To determine the window for which the visible portion of the graph looks like a cubic function or a square root function, we need to consider the shape and behavior of those functions.
a. A cubic function is a polynomial function with a degree of 3. It typically has two "hills" or "valleys" in its graph. To create a window that resembles a cubic function, we need to select a window that shows two hills or valleys.
b. A square root function is a function of the form ƒ(x) = √x, where the graph resembles the shape of the square root symbol (√). To create a window that resembles a square root function, we need to select a window that shows a curve that starts at the origin and increases without bound.

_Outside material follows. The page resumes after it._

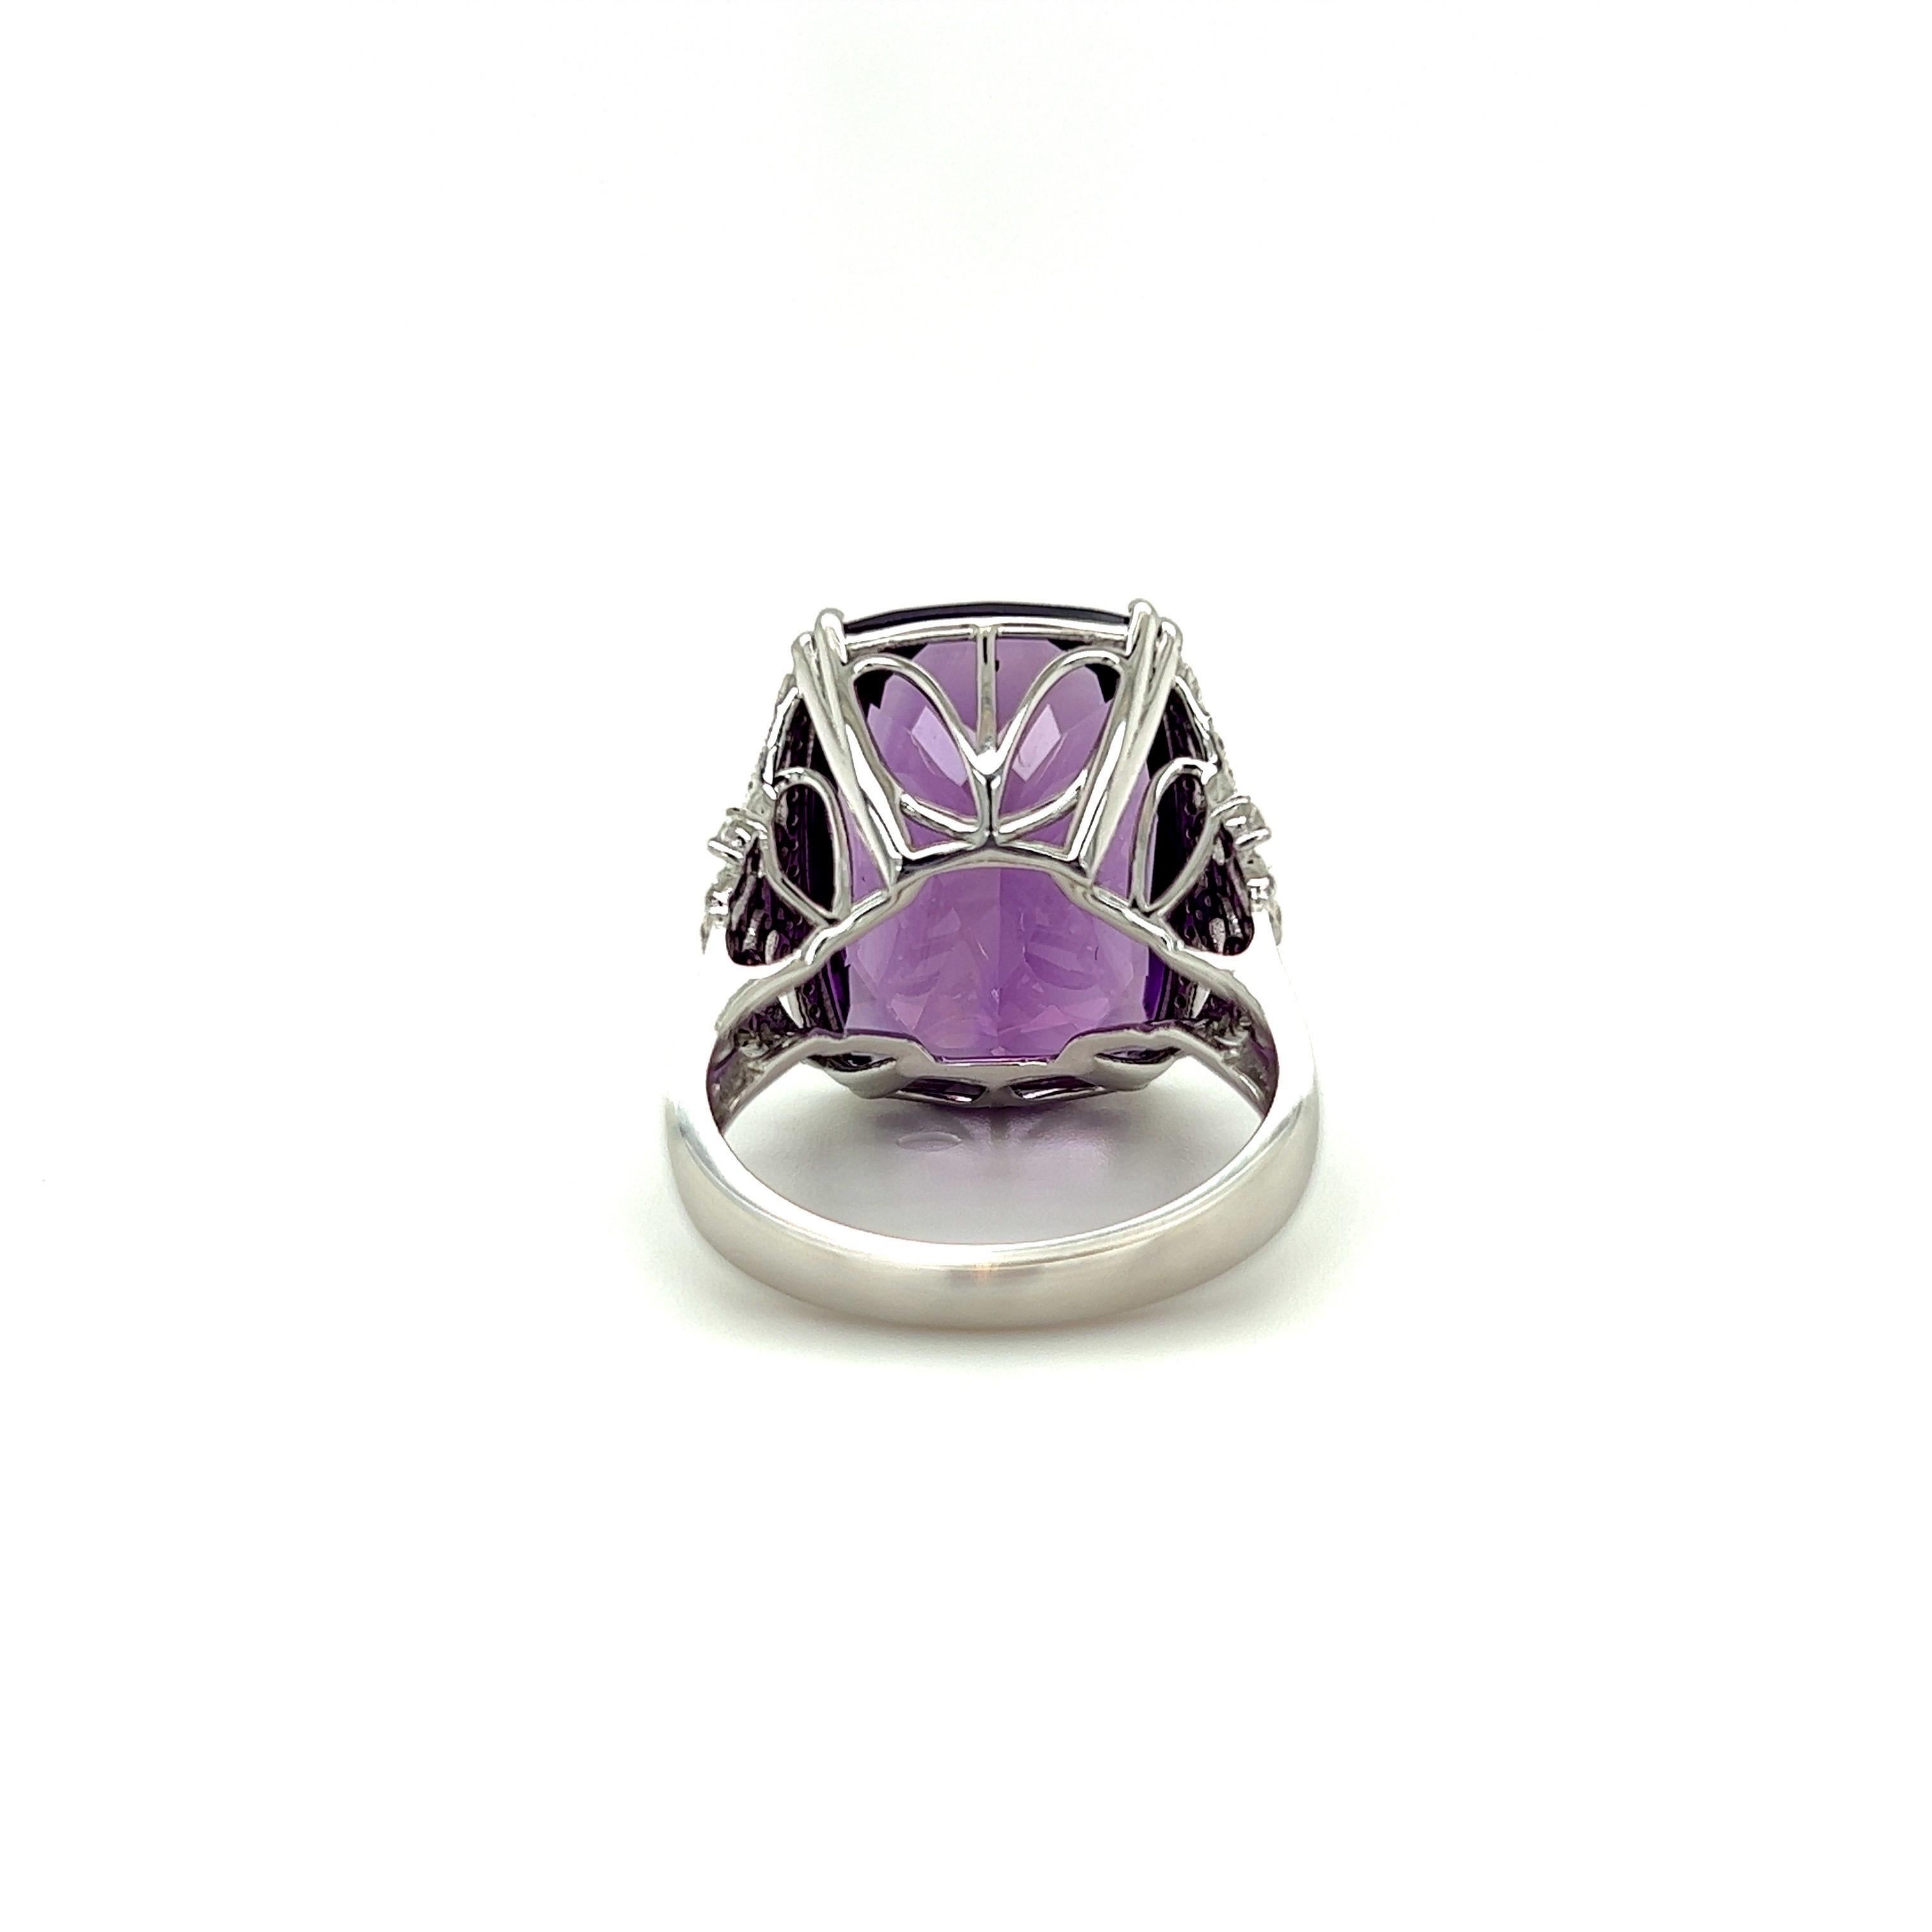 Contemporary 15.91 Carat Amethyst Cocktail Ring For Sale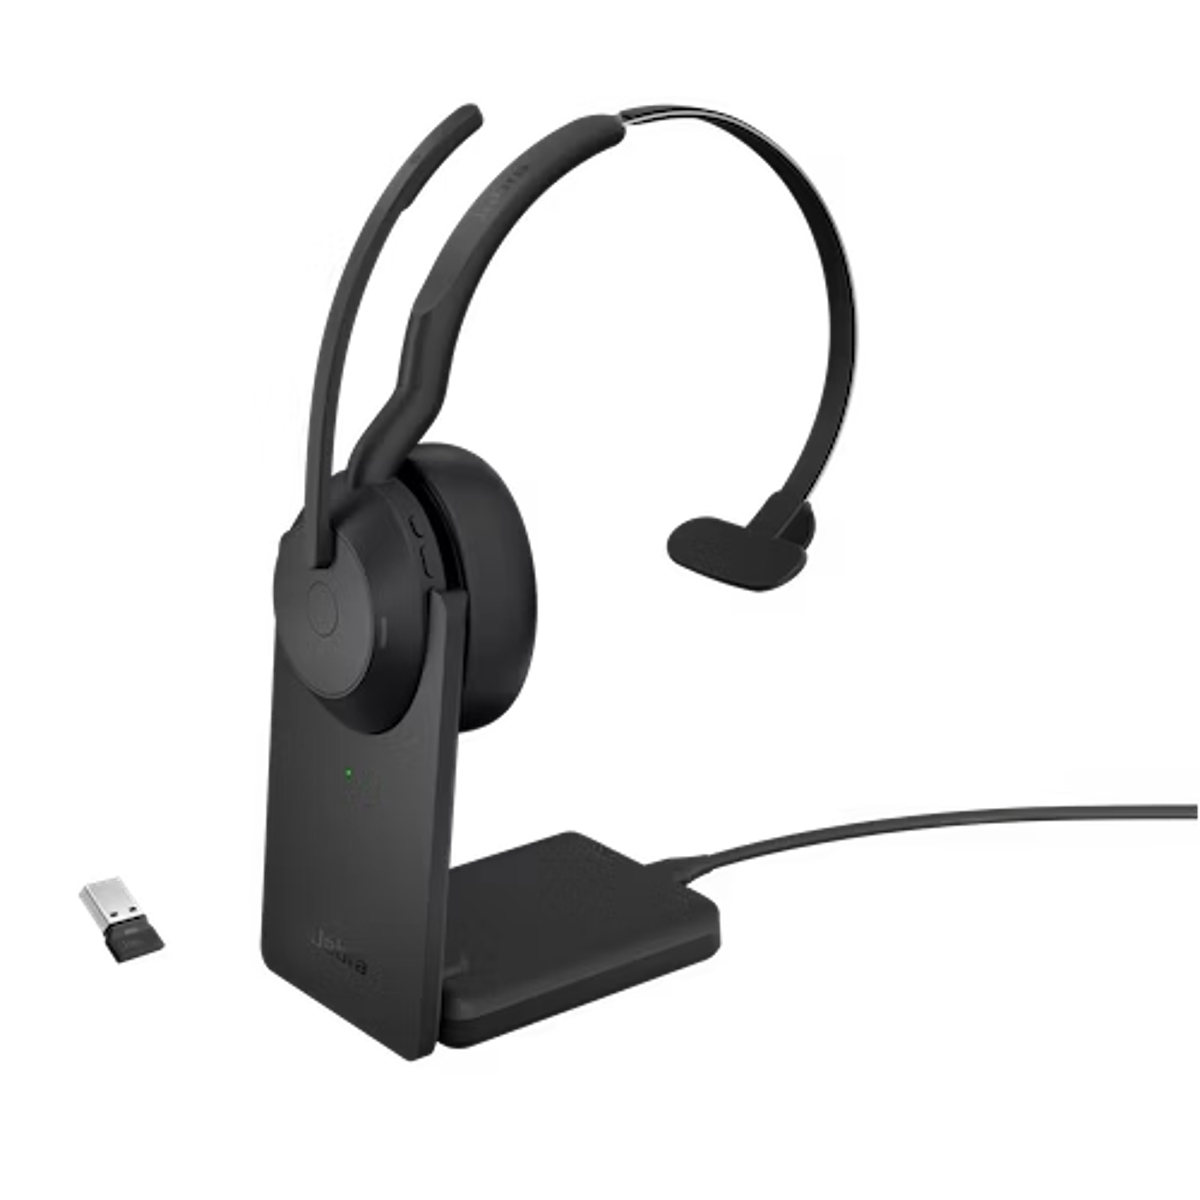 Jabra Launches a Foldable Evolve2 Headset and 5 other Products

Since the given function is f(x) = 3x / (4 - x²), we can analyze the behavior of the graph to determine the appropriate window.
1. For a cubic function, we expect to see two hills or valleys. Looking at the given function, we can see that it is a rational function with a denominator of 4 - x². This indicates that the graph may have vertical asymptotes at x = 2 and x = -2. To capture the two hills or valleys, we should select a window that includes these vertical asymptotes.
2. For a square root function, we expect to see a curve that starts at the origin and increases without bound. Looking at the given function, we can see that the numerator is a linear function (3x) and the denominator is a quadratic function (4 - x²). This indicates that the graph may have a vertical asymptote at x = -2 and a horizontal asymptote at y = 0. To capture the curve starting at the origin and increasing without bound, we should select a window that includes the origin and extends towards the positive x-axis.
In summary:
a. To create a window that resembles a cubic function, we should select a window that includes the vertical asymptotes at x = 2 and x = -2.
b. To create a window that resembles a square root function, we should select a window that includes the origin and extends towards the positive x-axis.
Keep in mind that the specific window dimensions (x-range and y-range) will depend on the scale of the graph and the specific values of the function.